Impressions of Me (Impressions Series Book 2) Page 2
"Jeremey Stilen"
"Shit." It's all I can say. Game-set-and match, Mia Careri - oh wait, it's Marsden now, isn't it- that'll take some getting used to. I haven't heard the name Jeremy Stilen in years. He was a guy from high school that I claimed to have no feelings for - captain of the football team type, only at our school Lacrosse was king. I told Mia I didn't like him, despite her insisting that I did. Then we hooked up one night after a drunken party at a friend's house. I told Mia nothing happened between us. Maybe I'm not such a good liar after all. "You win."
"Great, now we can eat shitty waffles while you explain about Sally."

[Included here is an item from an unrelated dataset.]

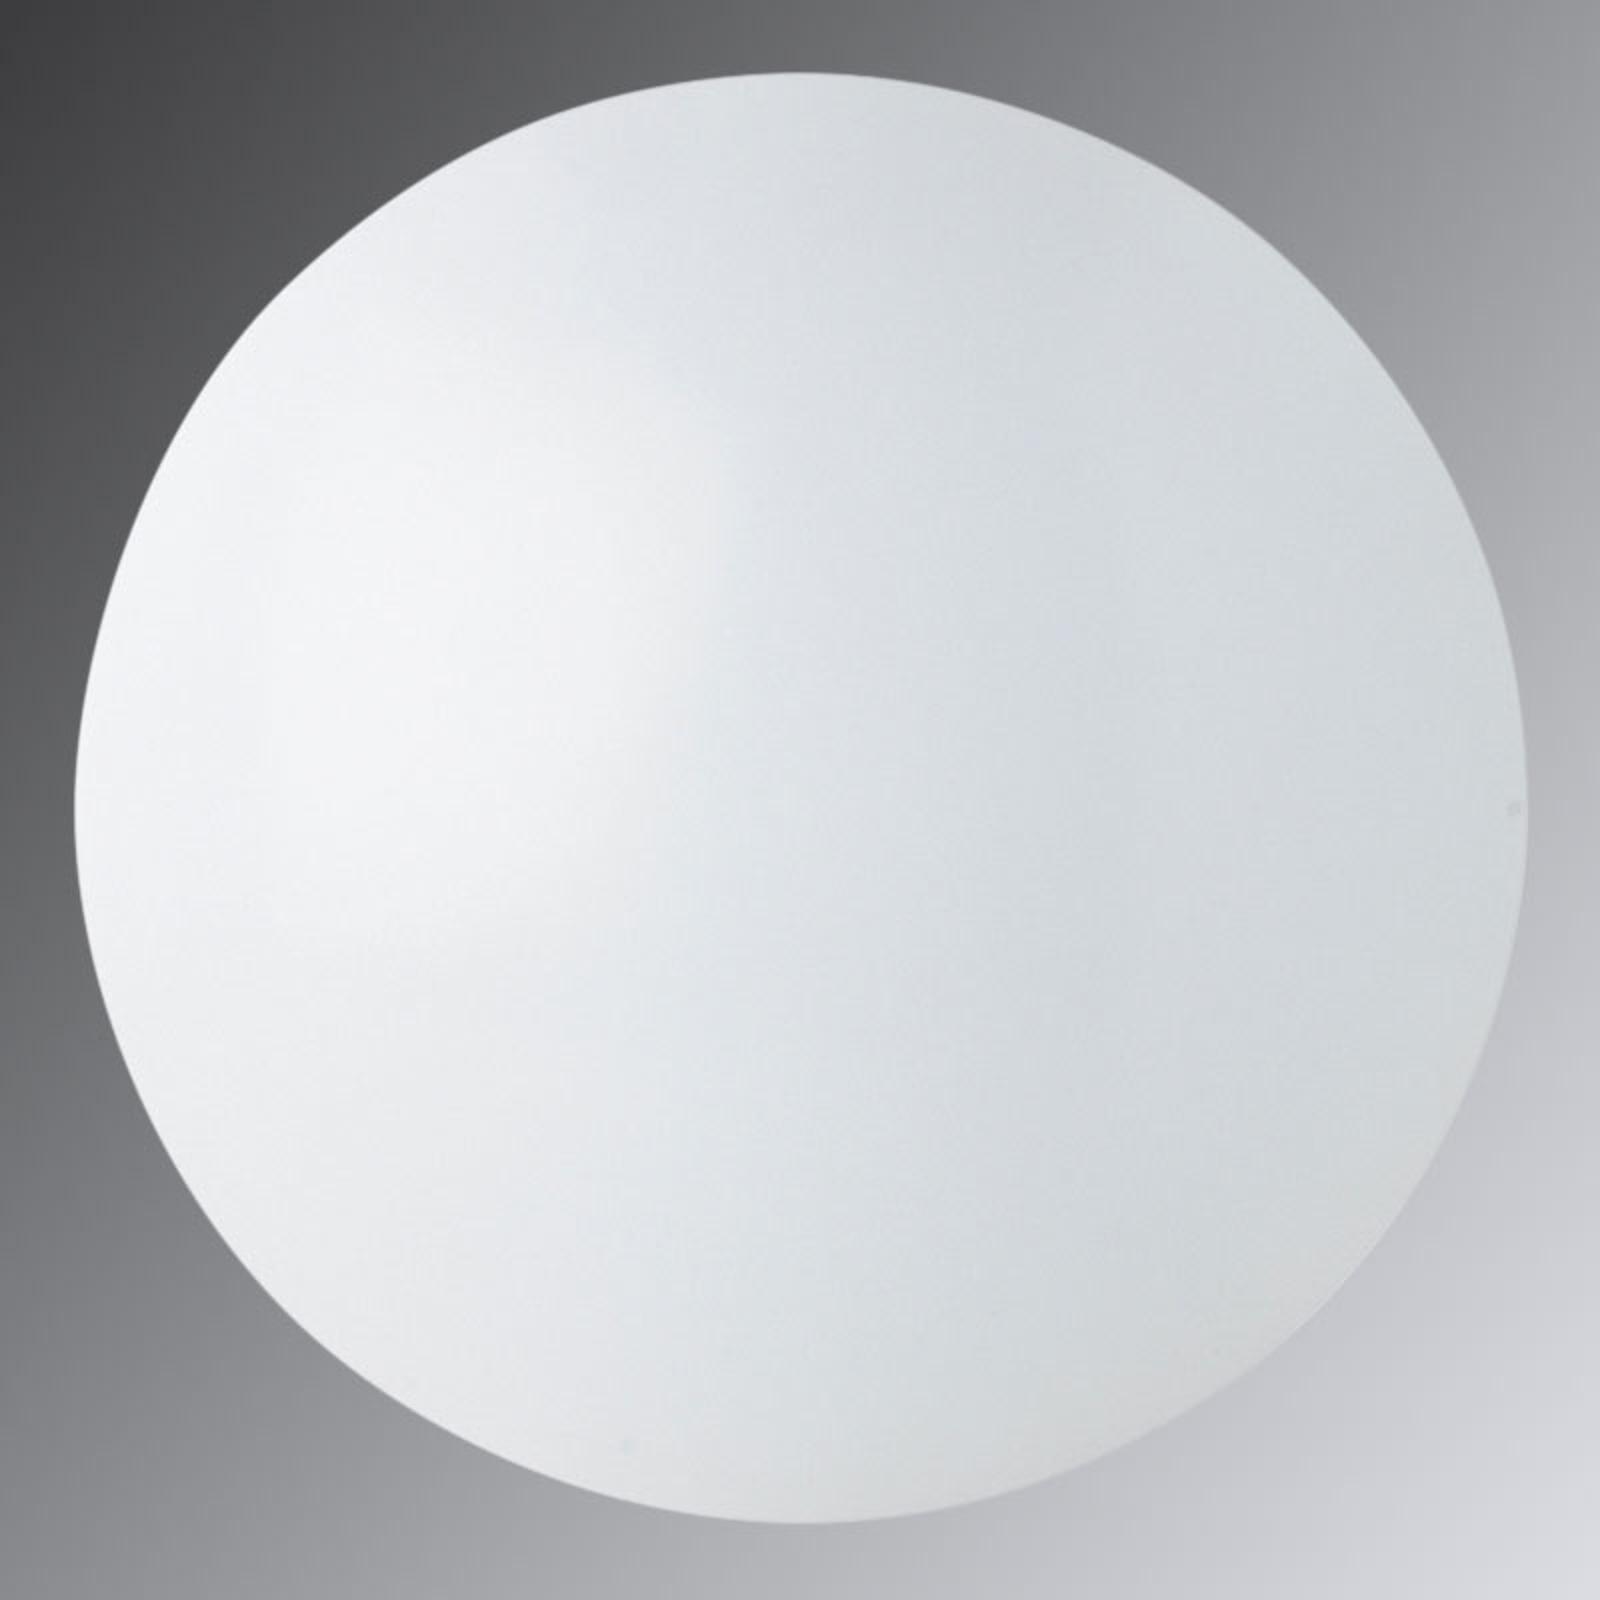 LED-kattovalaisin Renzo, 22 W, 3 000 K

I explain all about how irresponsible I've been; how I've been late to shifts and even slept through one because I had been out partying the night before. Whenever I tell stories like this Mia gives me that look; almost like a big sister look - like she's trying in vain to hide the judgement lying just behind her eyes, and she's patiently waiting her turn to speak so she can give the responsible-best-friend advice like she's done a million times before. I need to stop being the irresponsible side kick and get my shit together. Easier said than done. I listen to her advice, politely, like I have a thousand times before, then I decide it's time to talk about something less depressing than my irresponsible behavior.
"So, how excited are you for the honeymoon?" I ask. She's still glowing like crazy.

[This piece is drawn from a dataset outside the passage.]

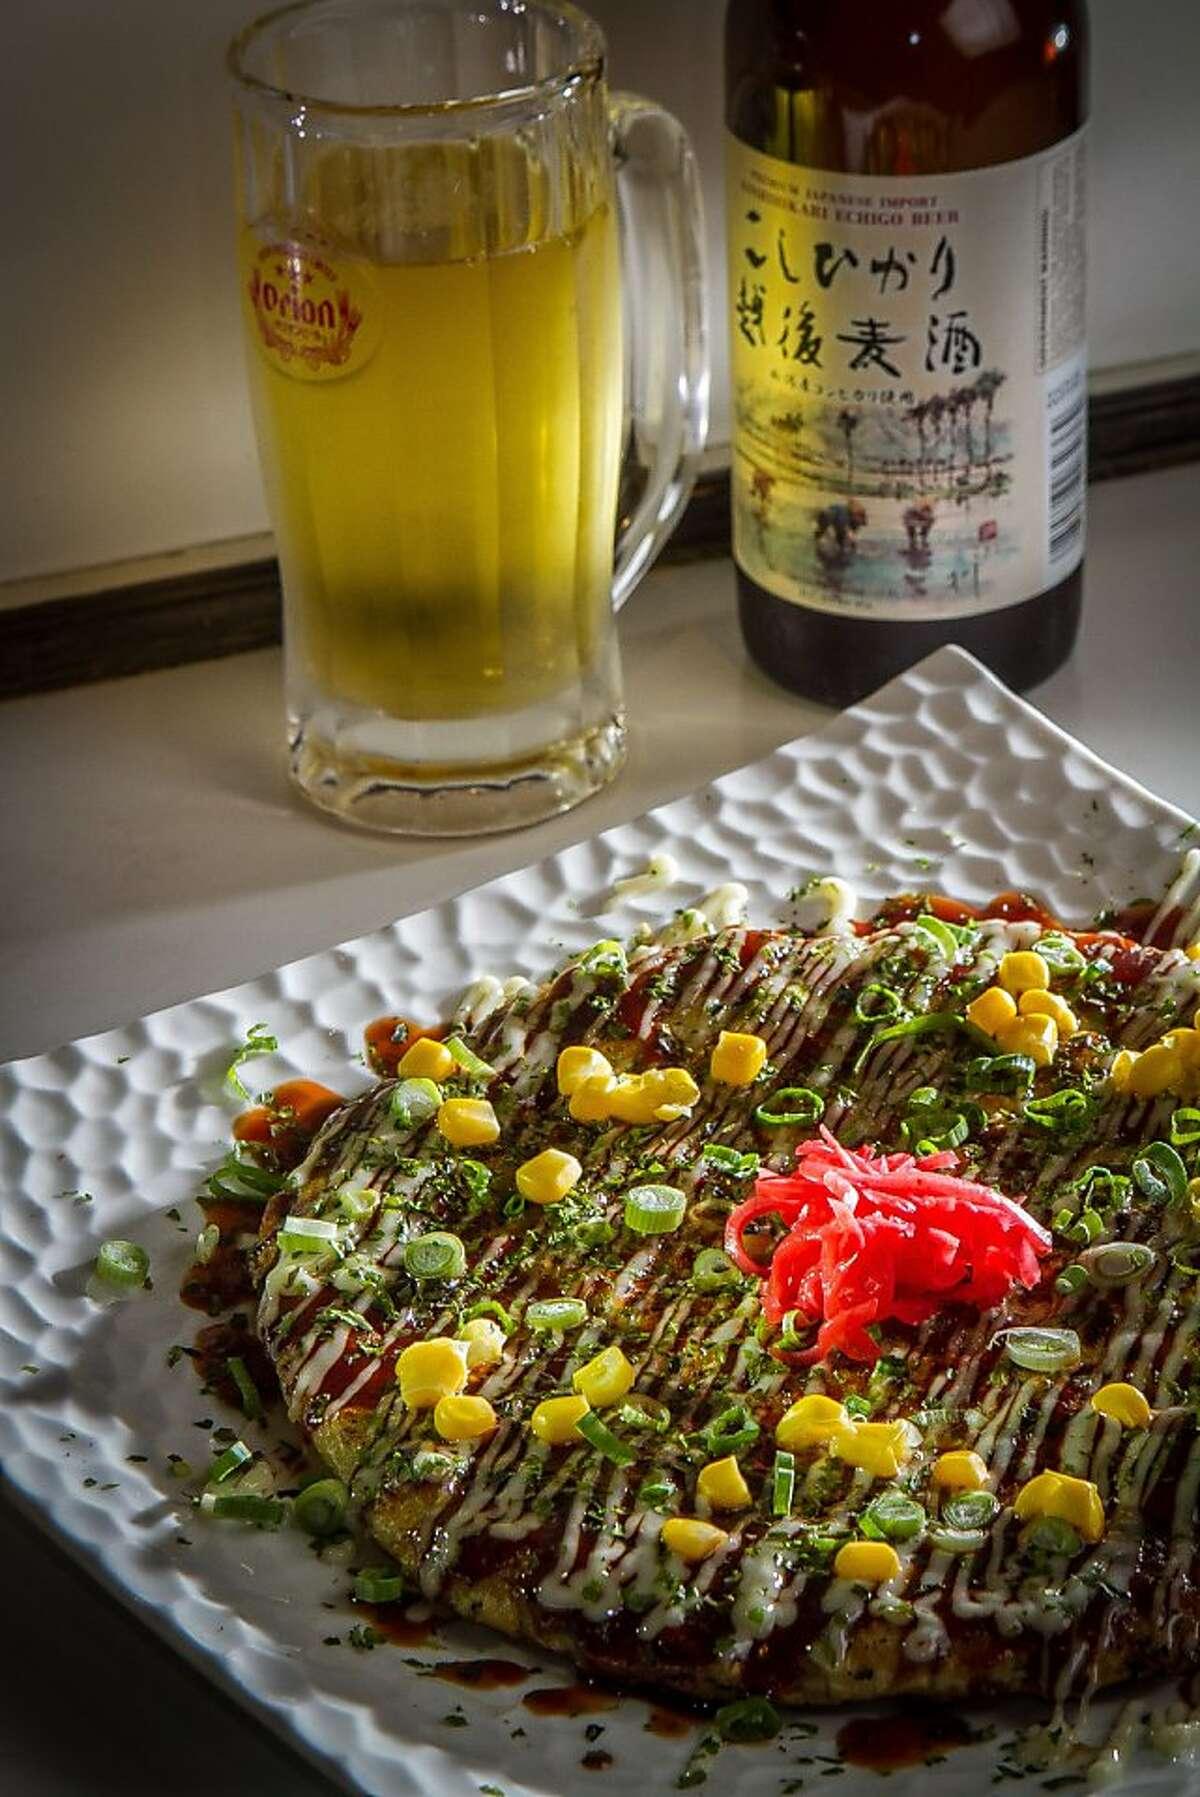 The Okonomiyaki pancake with a beer at Halu restaurant in San Francisco, Calif., is seen on Saturday, January 5th, 2013.

"I'd be more excited if I knew where we were going."
"Wait, what?" I ask, "you don't know where you're going?"
"Wesley wants to make it a surprise," she says. That sounds like something he'd do - he loves Mia more than anything in the world, and he wants to make this the most memorable thing ever. And lord knows he's got the money to take her around the world about fifty times over.
"That's kind of exciting. I think I'm a little jealous."
"You know, I never thanked you," she says, almost ignoring what I said to her. I can't imagine what she has to thank me for. If anything I should thank her for all the help she's given me through the years.
"For what," I ask, genuinely curious.
"For everything. For being there for me through all the drama with Wesley last year, for being my maid of honor, and even for dragging my lazy ass to The Drip that night. Without you none of this would be happening to me, and I needed to tell you that."
I'm speechless. I can't believe the words I'm hearing because she's never said anything like that to me before, and I feel like I'm going to cry. "You don't need to thank me for anything," I say, looking down awkwardly, "I didn't do anything but try to be a good friend, that's all."
"Exactly," she says, putting her hand on mine, "a good friend is exactly what I needed to help get my life together, and a good friend is what you are. So thank you for that."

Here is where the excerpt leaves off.